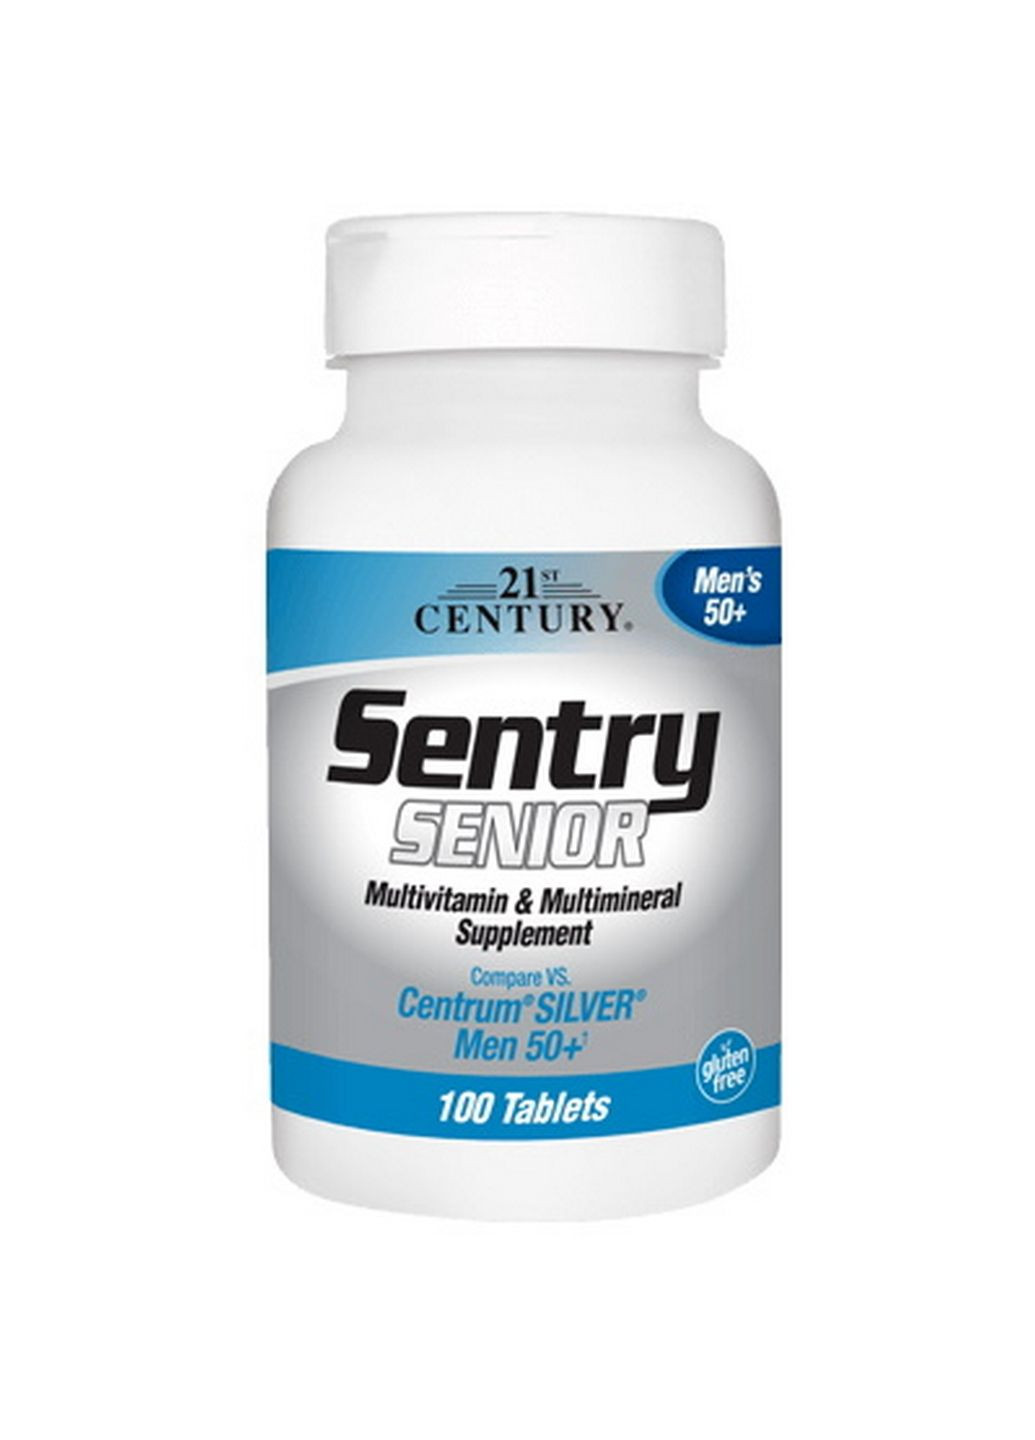 Витамины и минералы Sentry Senior Mens 50+, 100 таблеток 21st Century (293341554)
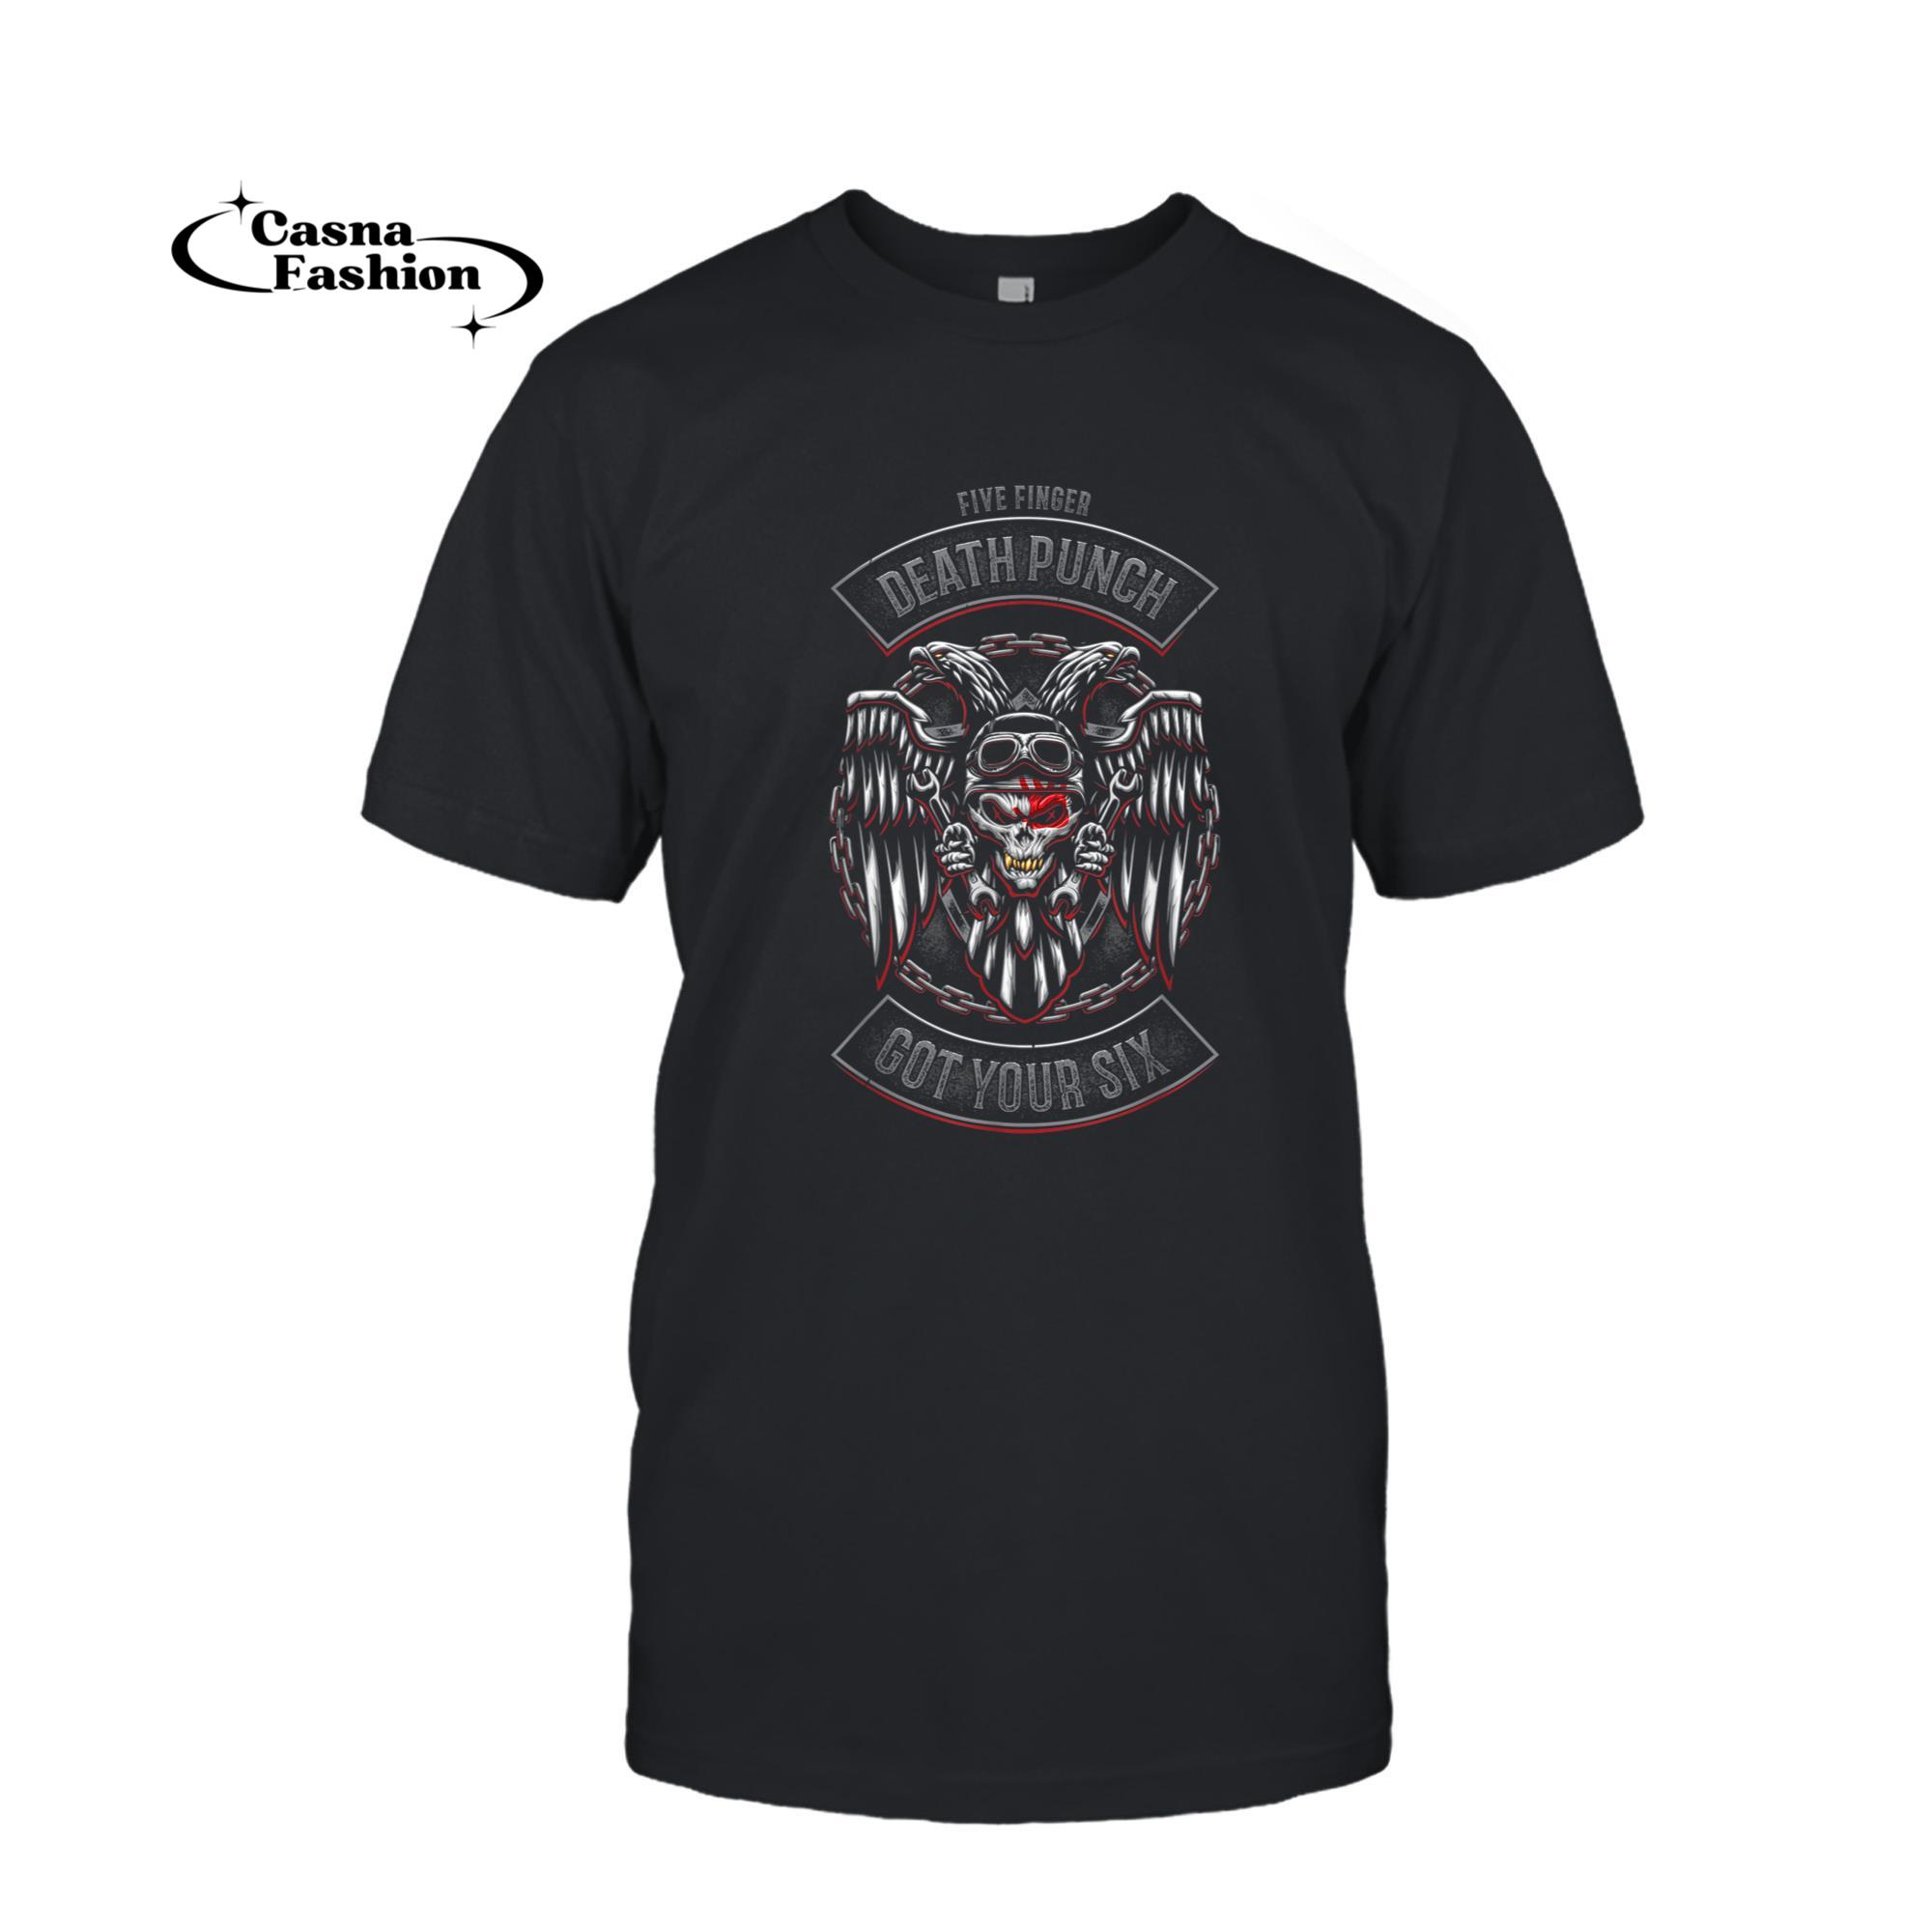 casnafashion_T-shirt_5FDP - Biker Badge - Got Your Six T-Shirt_T-shirt_Black
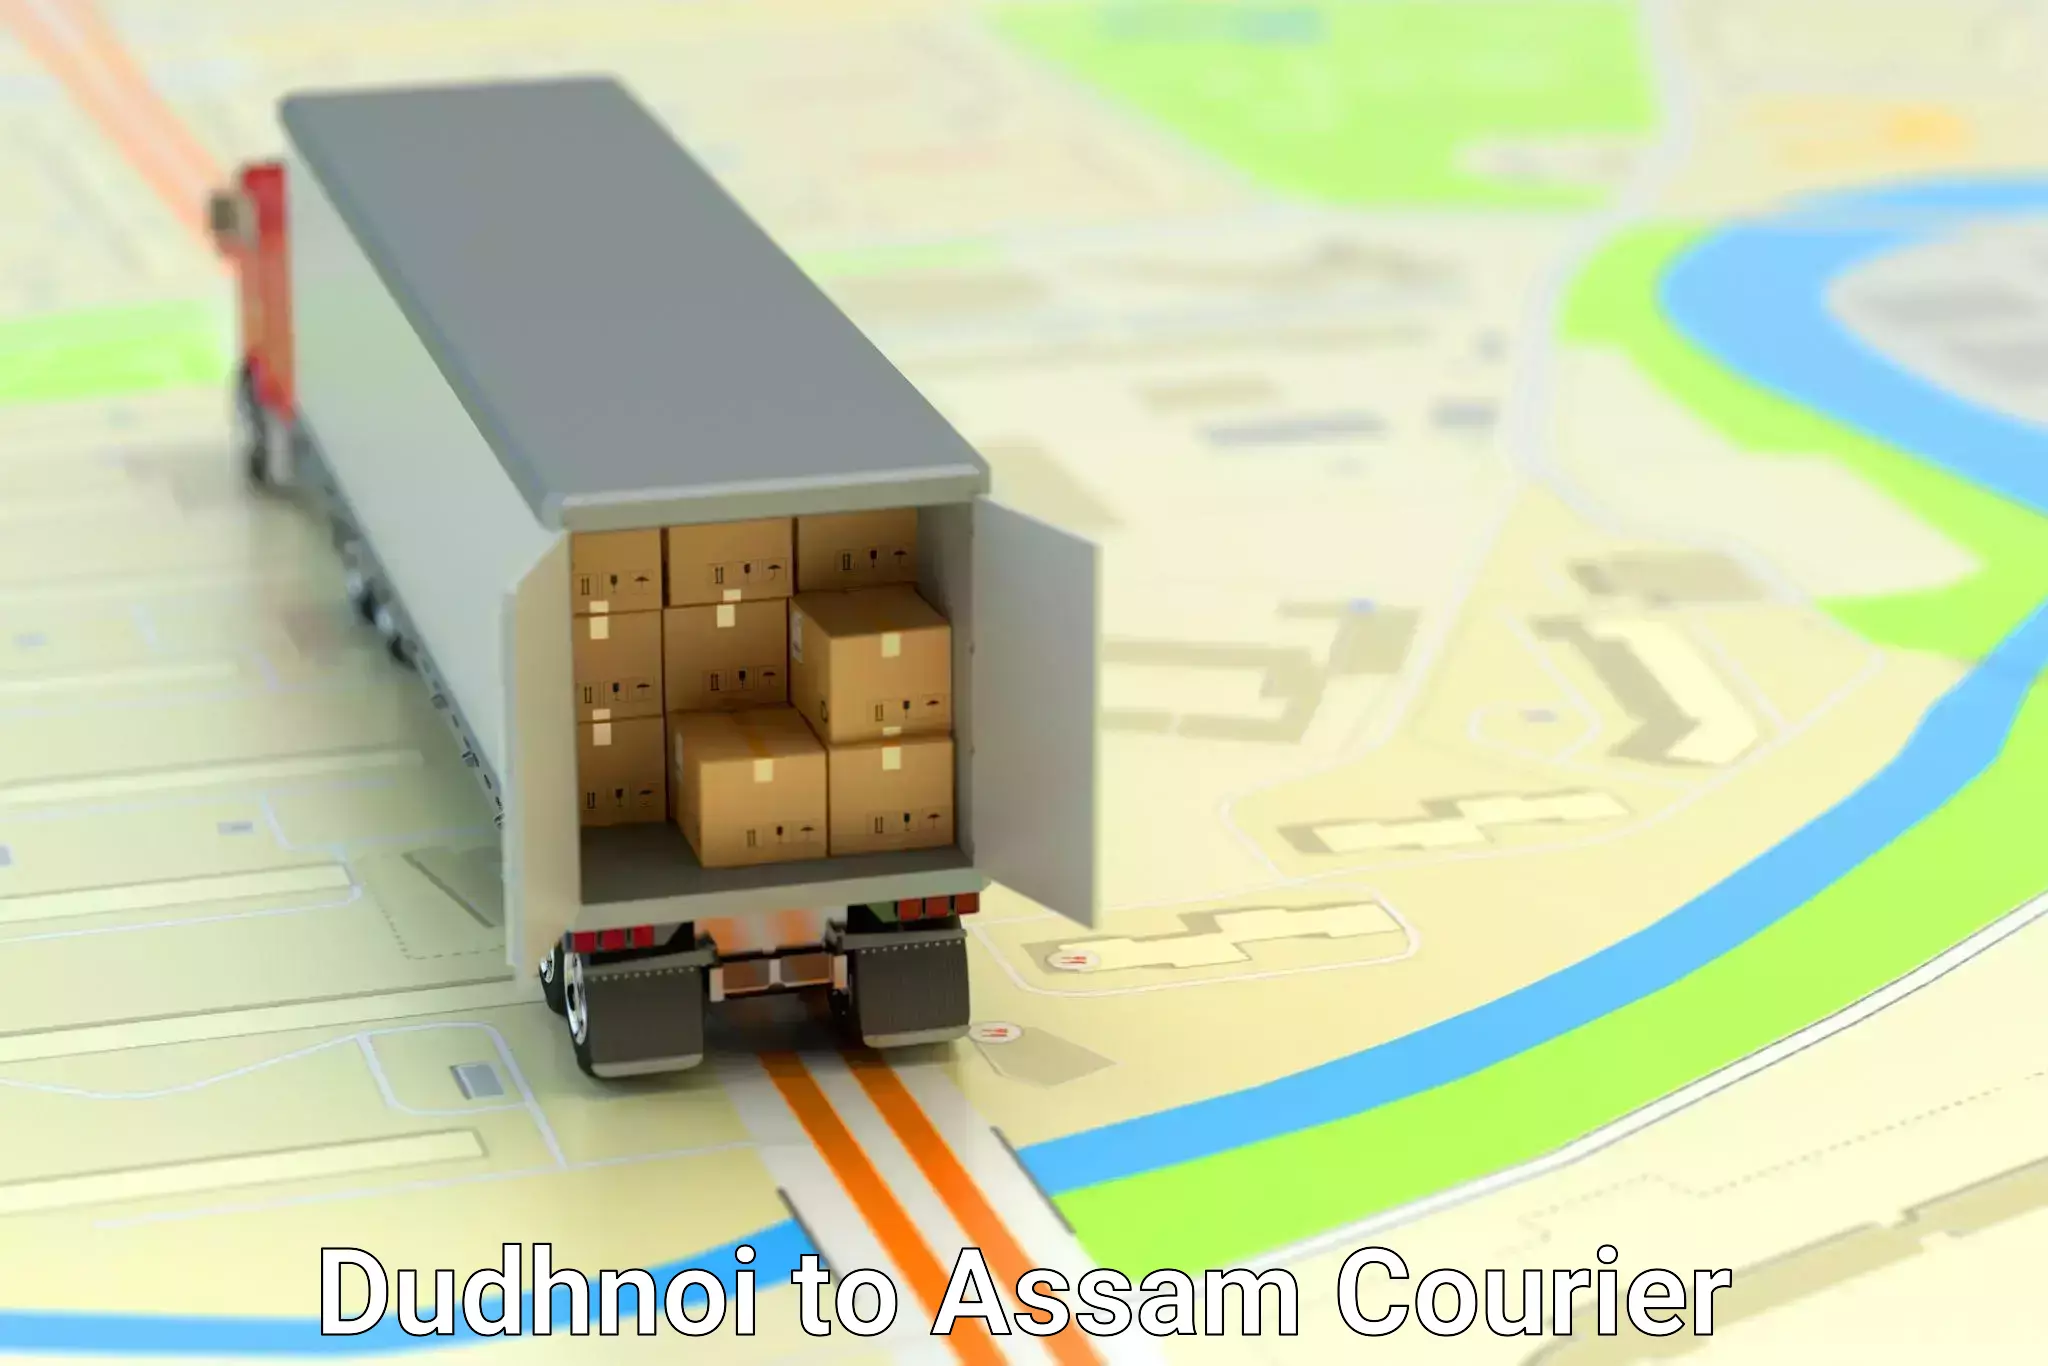 High-efficiency logistics Dudhnoi to Morigaon

● WHAT YOU SHOULD DO
The data above must be copied exactly. Leave out the pictures.

● EXERCISE OUTPUT
 Витамины и минералы Sentry Senior Mens 50+, 100 таблеток 21st Century (293341554)
 casnafashion_T-shirt_5FDP - Biker Badge - Got Your Six T-Shirt_T-shirt_Black
 High-efficiency logistics Dudhnoi to Morigaon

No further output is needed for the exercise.